60 year old blogger, Coronavirus and Wellness, Lockdown, Wellness and Mental Health

Lockdown- Surviving and Thriving

Hands up I’m not finding lockdown too hard. Of course I’m sad that my husband and I couldn’t celebrate his 60th birthday at The Fat Duck. I’m sad that I won’t be walking in the Brecon Beacons next week. I’m sad that I won’t be spending a weekend at Center Parcs in May. But, hopefully, these are all postponed not cancelled.

I am enjoying not getting up at 5am every morning to commute to work. I am making the most of having that bit of extra time to do other things. Although there has not been as much time as I had hoped.

I am, I know, very fortunate. I am working and have a garden. I’m not worried about money. Well apart from the economic impact on my pension. And I still have a social life albeit through a screen.

My education has equipped me with the knowledge of knowing what 2 metres looks like and what a household is. So far, so safe. Unfortunately, if my daily exercise is anything to go by, there are a lot of people that don’t have a clue. Or they just believe that the rules don’t apply to them. I’m not sure what is worse.

I first wrote about life in our new social distanced world a month ago. At that time I was focusing on my health and well-being. I intended to get more sleep, learn to meditate, keep fit and healthy and learn a new skill. I’m currently at two and a half out of four.

I’m getting eight hours sleep every night. Well as long as Oscar doesn’t become desperate to see off the fox taunting him at the backdoor.

I am exercising. I walk the dog and do one, sometimes two, classes over zoom. My gym has been excellent. Seventeen classes a week, fitness challenges, a rave night and a quiz night. A community. They are also responsible for my latest addiction. Myzone. Myzone is a heart rate monitor which tracks calories, exercise intensity and heart rate. Through the app I can track not only my progress but see how everyone else is doing. What I’m delighted about is that it monitors how hard you are working. Not how fast you are. Not how much weight you can lift. The intensity is recorded as a percentage of your maximum heart rate so is age adjusted. We all start equal and we all have the same objective. To gain Myzone Effort Points (MEPs) and get into the red zone.

So far so good but my diet is probably letting me down. I’ve put on a kilogram. It is the working day that takes the blame. I would normally prepare food to take to work. I am a Tupperware queen. Or I would go out at lunchtime to buy a salad. But working from home, going from meeting to meeting, I find myself heading to the bread bin when I have a few minutes spare. Not good.

As a consequence I’m looking fairly ropey. Oh how I wish I could apply an Instagram filter to Microsoft Teams. But with that not being an option (or is it?) my diet needs some urgent attention.

I have been trying to meditate. I join a guided meditation session every Sunday. I downloaded the Calm app to use every morning. But I’m finding it difficult. The science as to the benefits of meditation is robust. It reduces stress and anxiety and improves mental focus and clarity. So what’s not to like. I’m told that it takes practice therefore I will persevere as the rewards appear to be great.
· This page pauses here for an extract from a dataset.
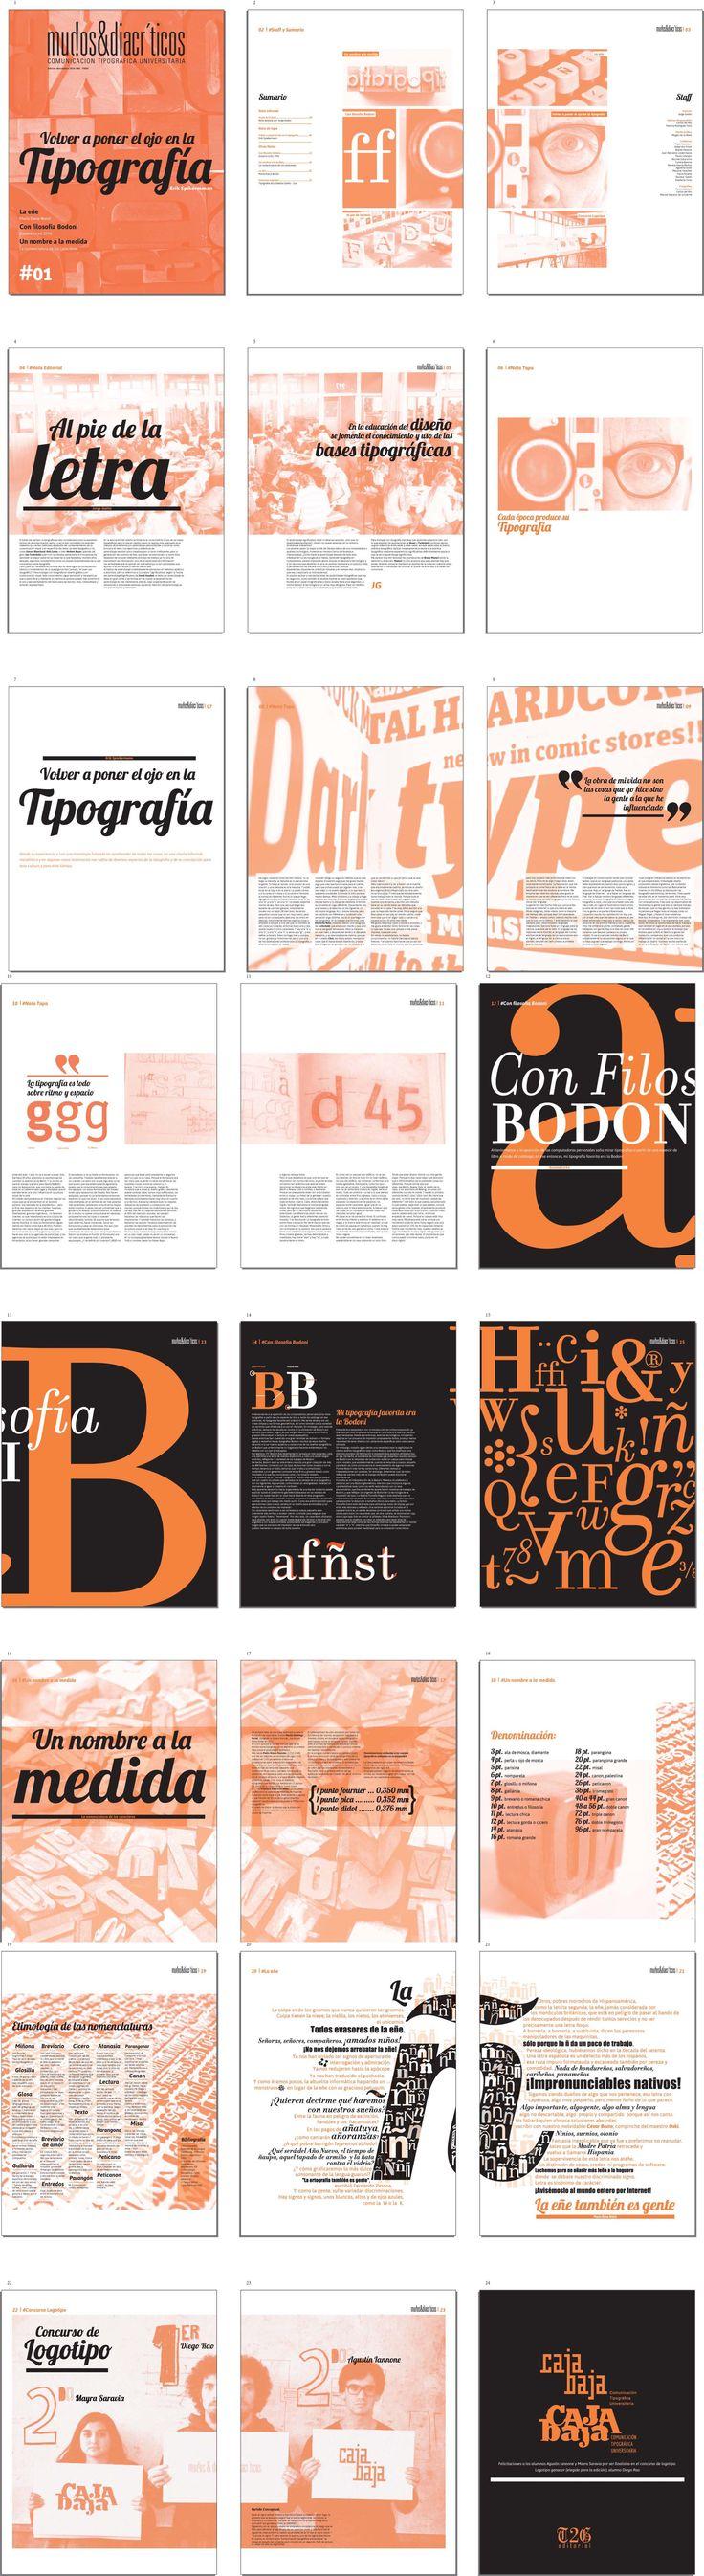 """Revista Tipografica """"MUDOS Y DIACRITICOS"""" TIPO2"""

And I may have found an alternative to the eyes closed, palms facing upwards version (see below).

Finally, a new skill. With the assistance of YouTube I have learnt to crochet. And I’m loving it. It is more forgiving than knitting and progress is faster. That being the case I’m still slow. I have started to crochet a blanket. Each row takes an hour. There are 127 rows. I may finish it by the Autumn.

There is something very soothing about crochet. The smooth repetition calms the mind allowing your thoughts to go elsewhere or nowhere. It feels like I imagine meditation should feel so, of course, I googled ‘meditation and crochet’. And it is a thing. I may have cracked a new skill and meditation in one fell swoop.

Four weeks into social distancing, three weeks into lockdown I’m doing ok. I’m surviving and thriving. Long may it last.

N.B. Thank you to those who messaged me after my last blog. My finger eventually stopped bleeding and I had my INR checked on Tuesday. I was out of therapeutic range. Fortunately not by much. It will be checked again this week.